## EXERCISE INSTRUCTIONS
This task calls for the lines below starting at the one containing "THERMALLOY Aluminium Sauce" and ending at the one containing "Ted Lasso Believe", repeated exactly with both ends kept and pictures left out.

## RECORDS PROVIDED
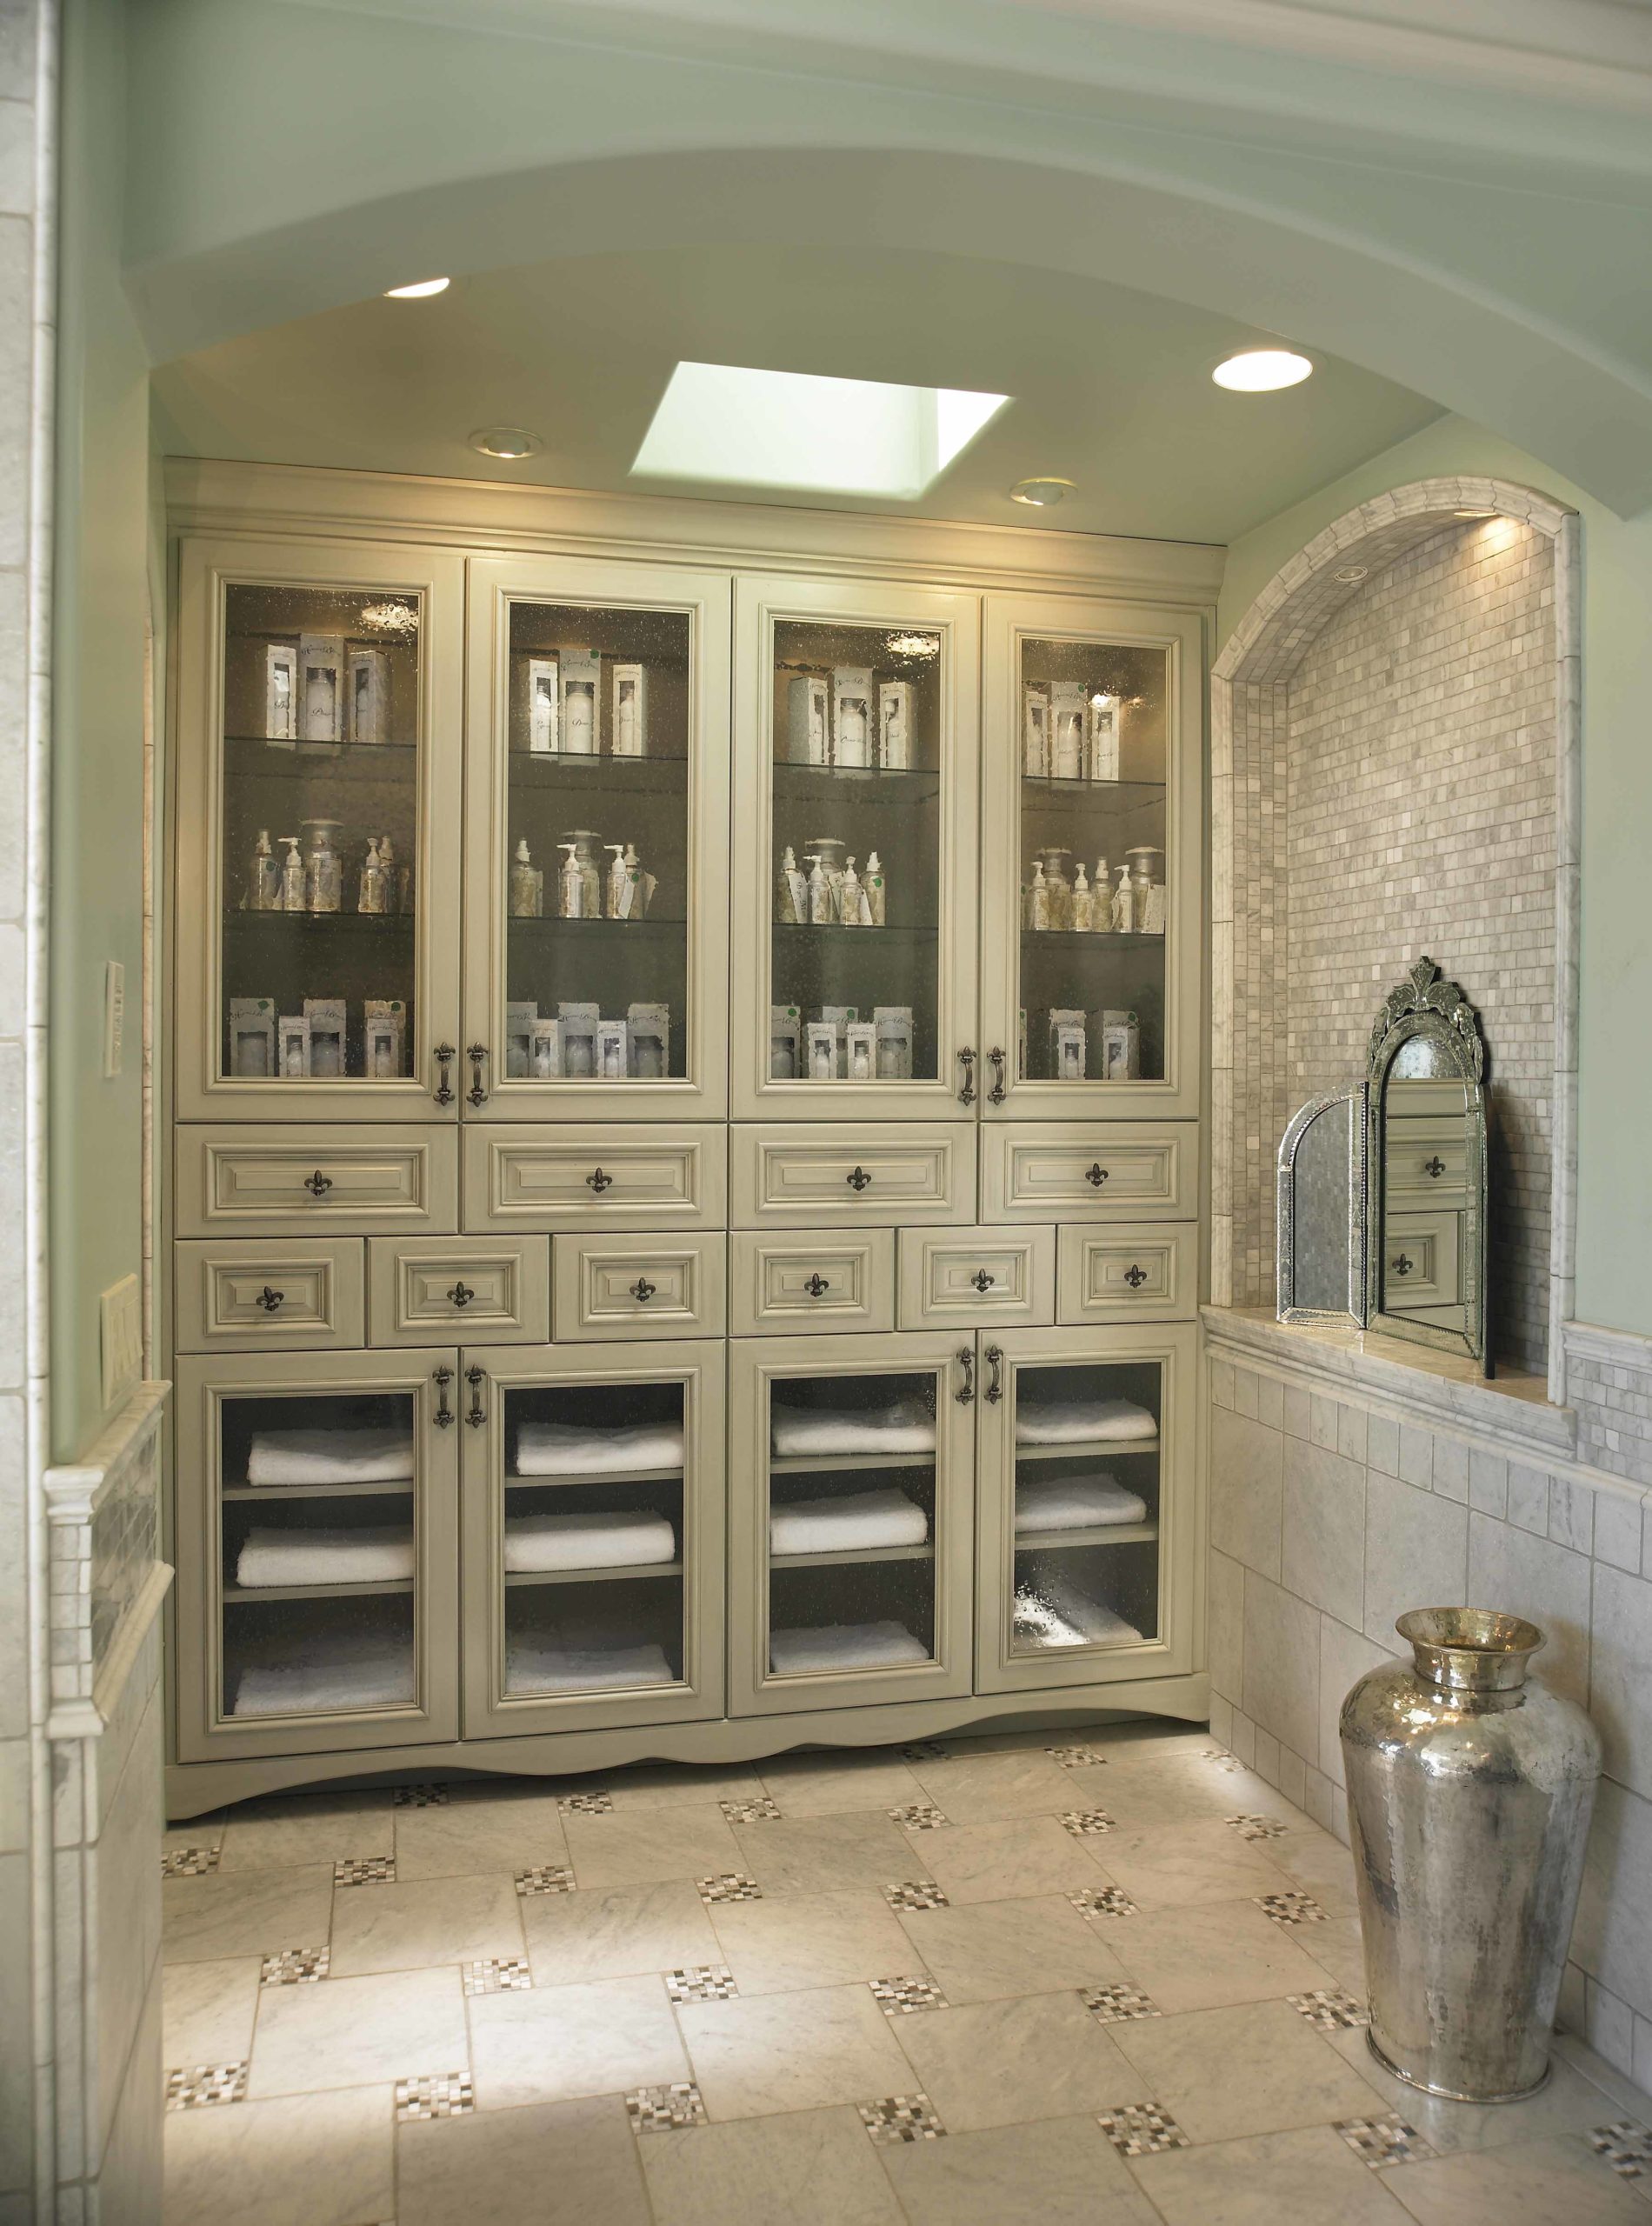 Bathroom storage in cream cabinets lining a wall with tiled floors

--

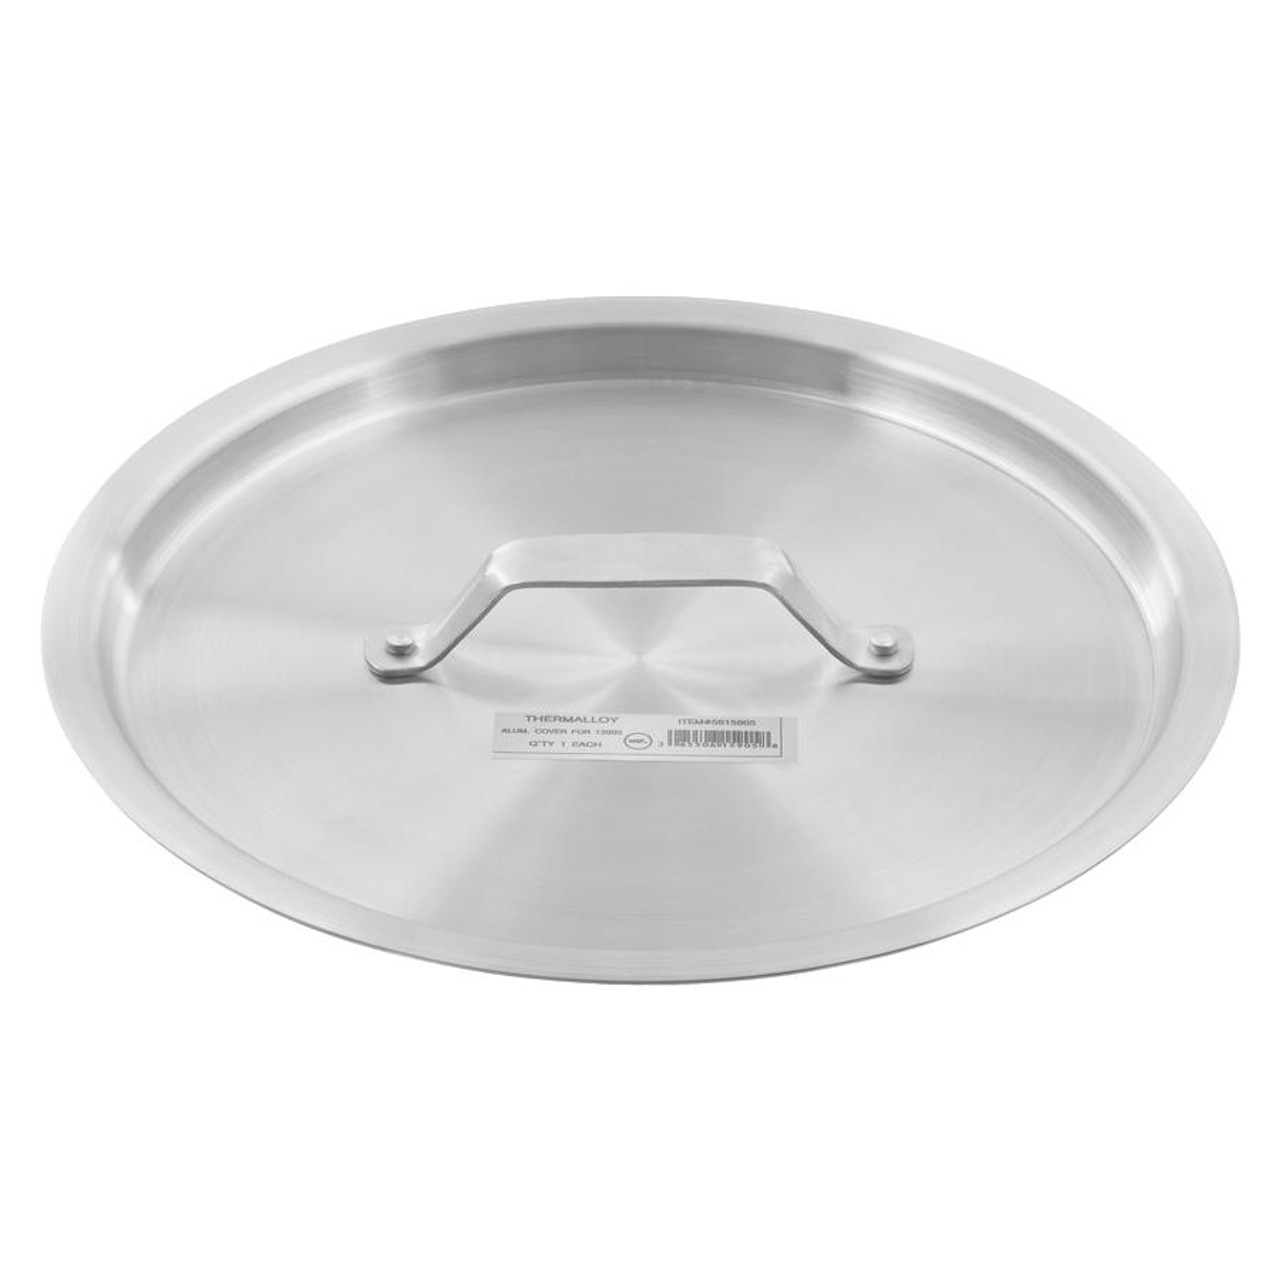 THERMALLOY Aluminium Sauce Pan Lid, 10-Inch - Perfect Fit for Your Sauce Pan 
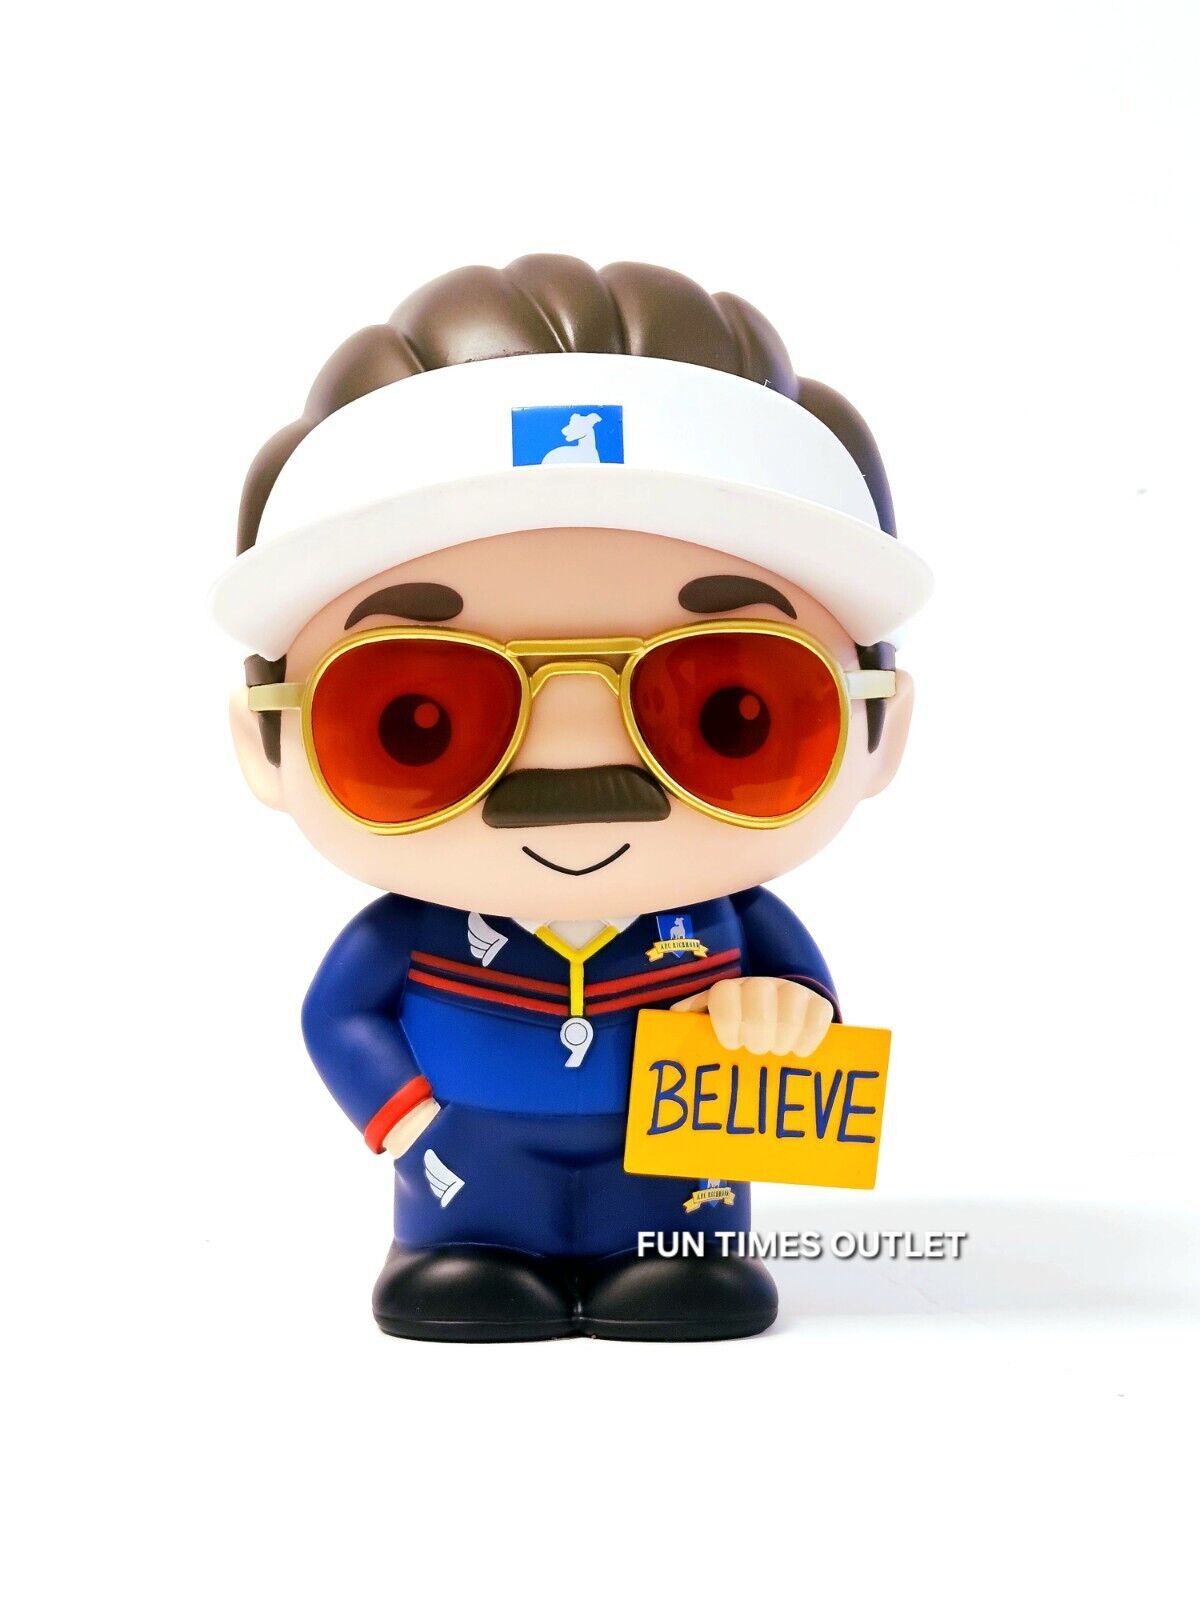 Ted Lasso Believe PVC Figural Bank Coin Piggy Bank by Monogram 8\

==

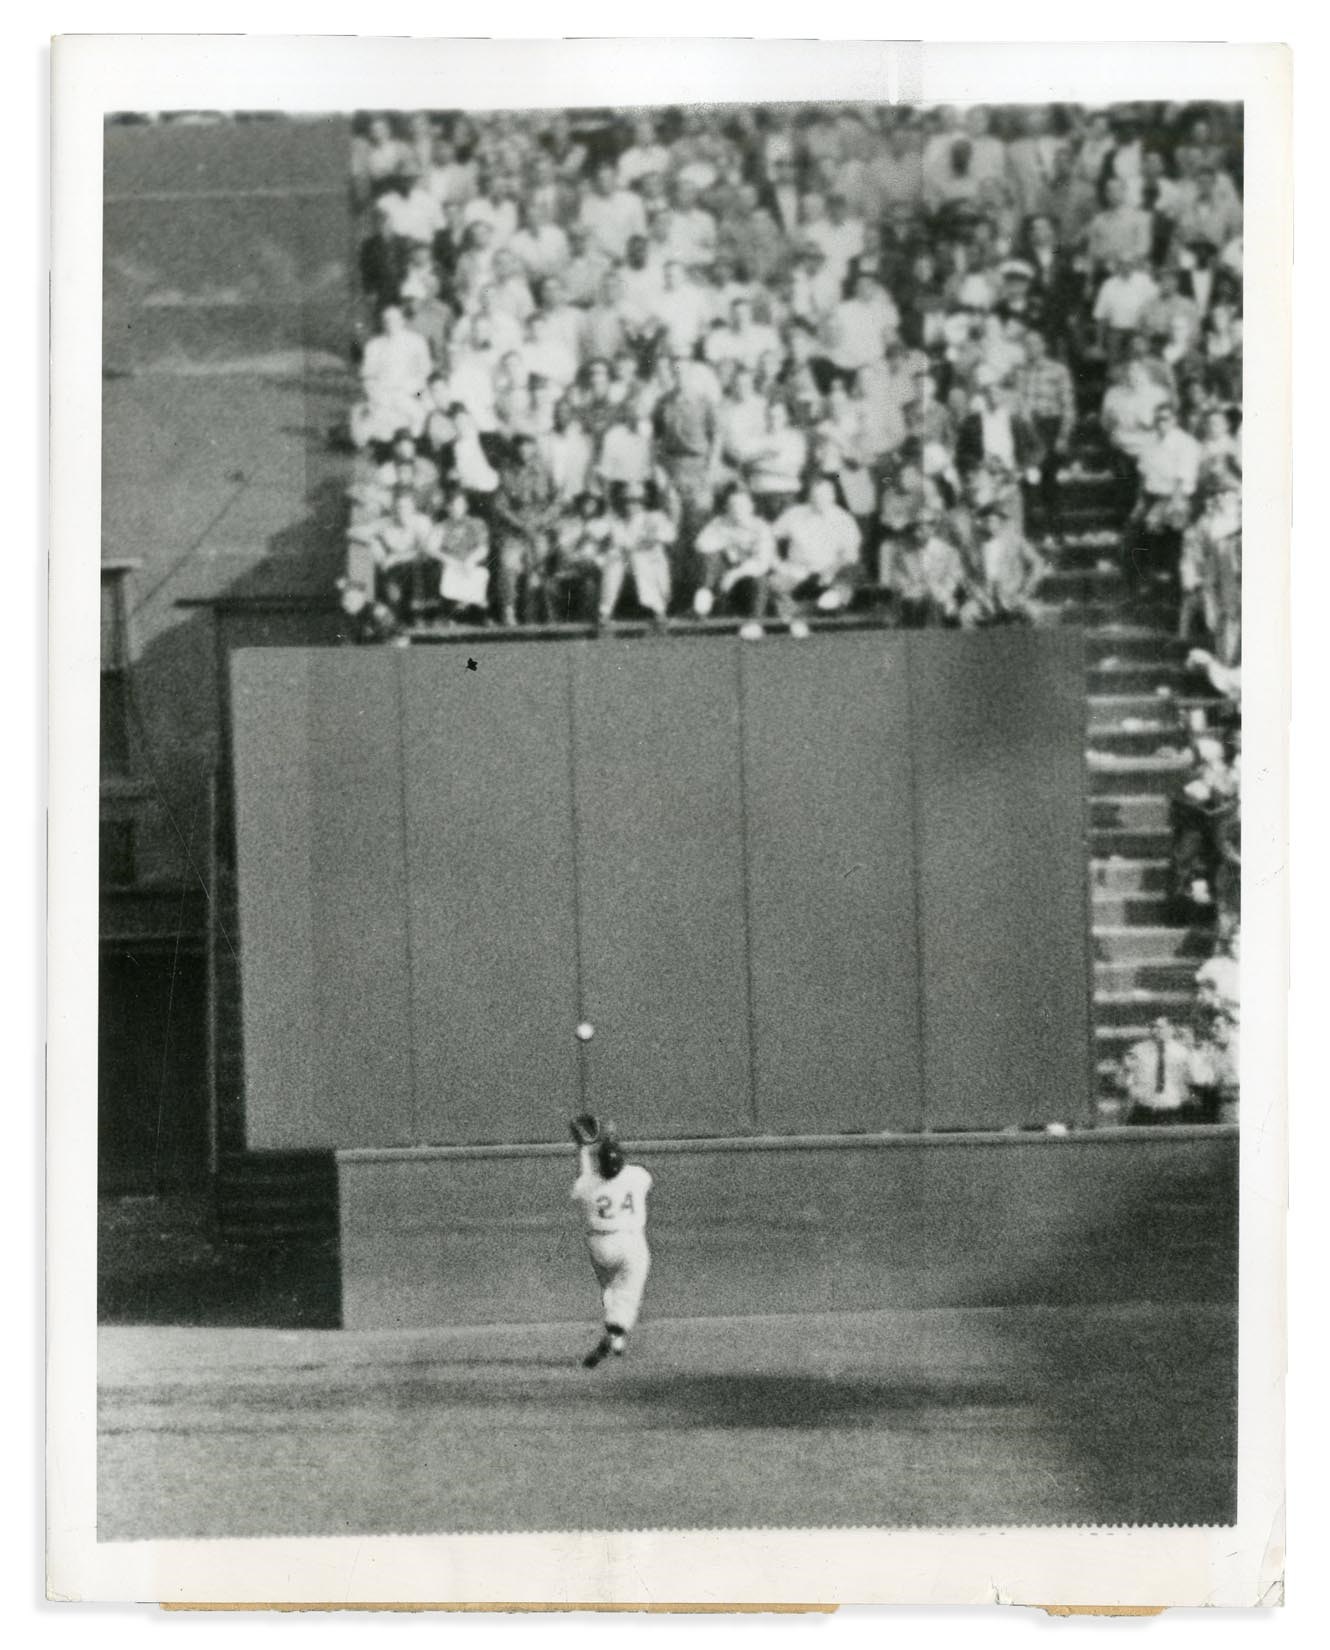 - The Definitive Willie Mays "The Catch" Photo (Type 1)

## YOUR SOLUTION
 THERMALLOY Aluminium Sauce Pan Lid, 10-Inch - Perfect Fit for Your Sauce Pan 
 Ted Lasso Believe PVC Figural Bank Coin Piggy Bank by Monogram 8\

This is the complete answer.